With a deft touch, Leigh mixes comedy and pathos - often in the same scene - as he tells the story of Hortense Cumberbatch (Marianne Jean-Baptiste), a sophisticated young black woman who decides to seek her birth mother after the death of her adoptive parents. An optometrist by trade, Hortense hopes to get a clear view of her own existence, but her fairy-tale vision becomes blurred when she discovers her mother, Cynthia Purley (Brenda Blethyn), is a pitiful, lower class white woman. Cynthia (who has no idea Hortense is black) initially rejects her sight unseen, but soon consents to a meeting, and after accepting the shocking reality of Hortense's race, the two develop a relationship that becomes more satisfying and nurturing than the one Cynthia shares with her other grown daughter, the petulant, rebellious Roxanne (Claire Rushbrook).
Meanwhile, Cynthia's brother, Maurice (Timothy Spall), a successful portrait photographer, tries to manage his own existence amid the wild mood swings of his uptight wife, Monica (Phyllis Logan).

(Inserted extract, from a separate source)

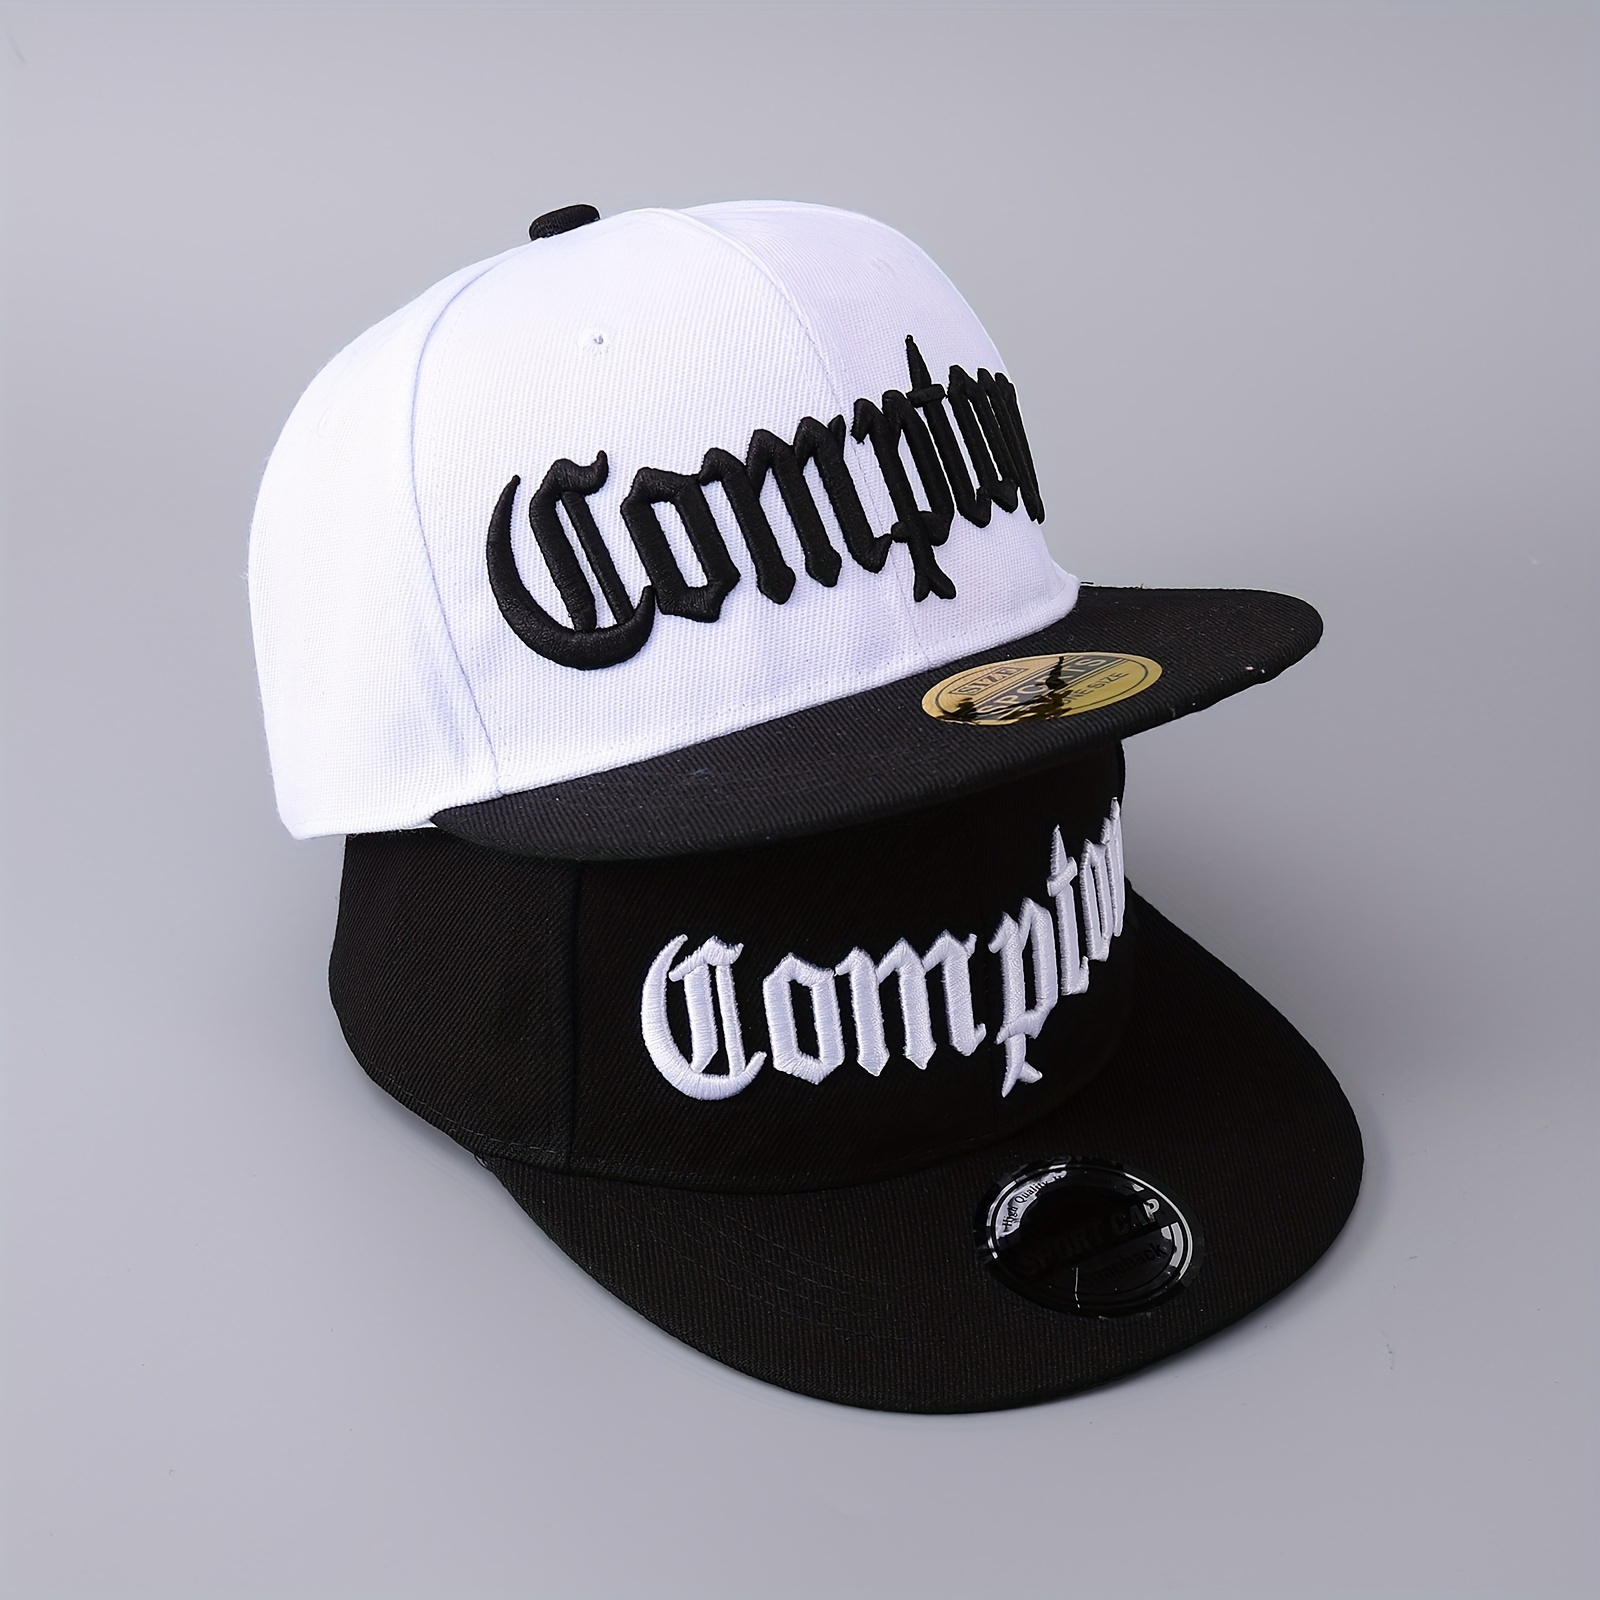 Compton Embroidered Snapback Hats For Men
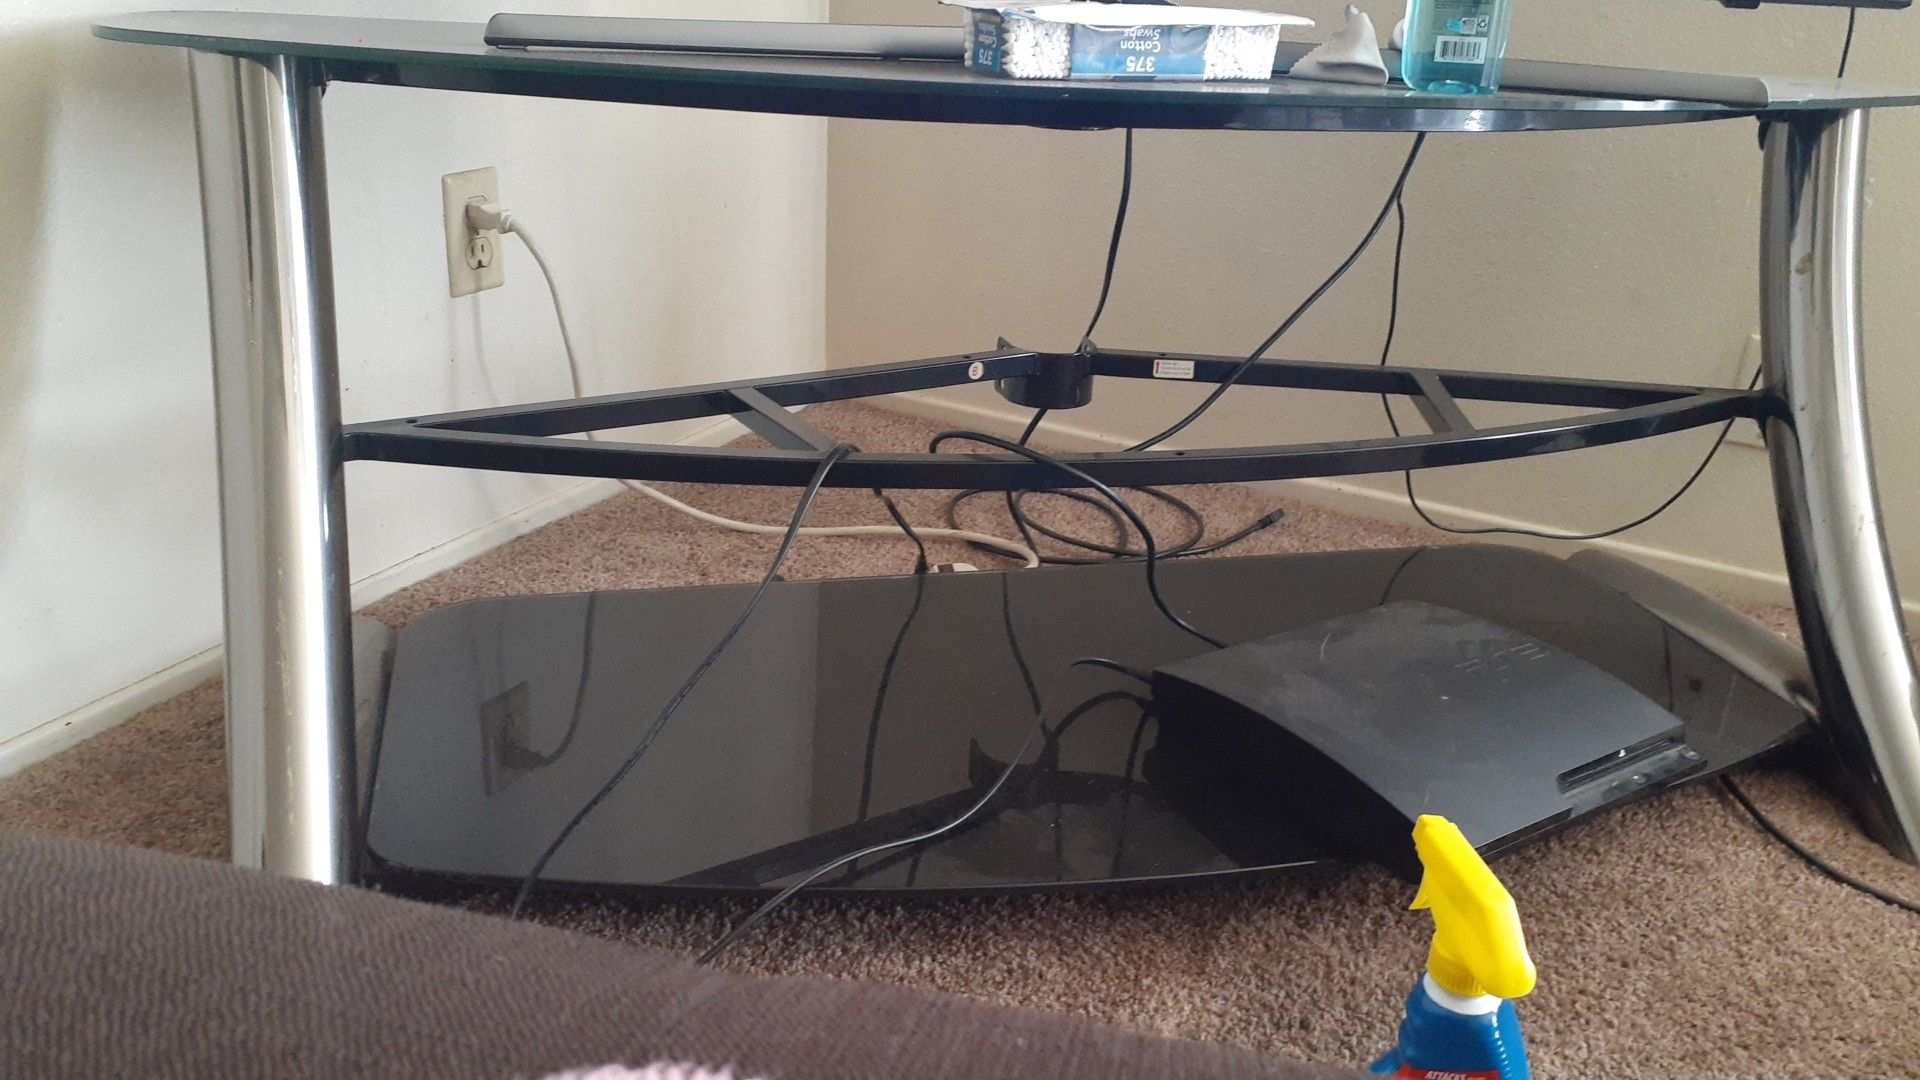 TV stand holds 50 inch on picture

Maurice hopes to ease family friction by throwing a 21st birthday party for Roxanne, but when Cynthia shows up with Hortense, years of suppressed bitterness bubble over and brutally expose a lifetime of secrets and lies.
The film's provocative title masks a simple central theme - the pursuit of love and acceptance. When all is said and done, the characters want little else, yet they express that visceral desire in vastly different ways. The outspoken Cynthia wears her heart on her sleeve, and the circumstances of her sorry existence provoke numerous bouts of blubbering that evoke a mixture of sympathy, irritation, and embarrassment in those around her (as well as the audience). Maurice, on the other hand, spends his days coaxing smiles from his photographic subjects, but his gentle prodding proves futile in uniting the three stubborn women who rule his life. Like many Brits, he represses his emotions until they eat away at his insides - a quality his wife shares, except when her menstrual cycle transforms her into a crazed harpy. The introspective Hortense seems the most stable, but possesses far-too-rosy expectations regarding her assimilation into a family she knows nothing about…and who doesn't even know she exists.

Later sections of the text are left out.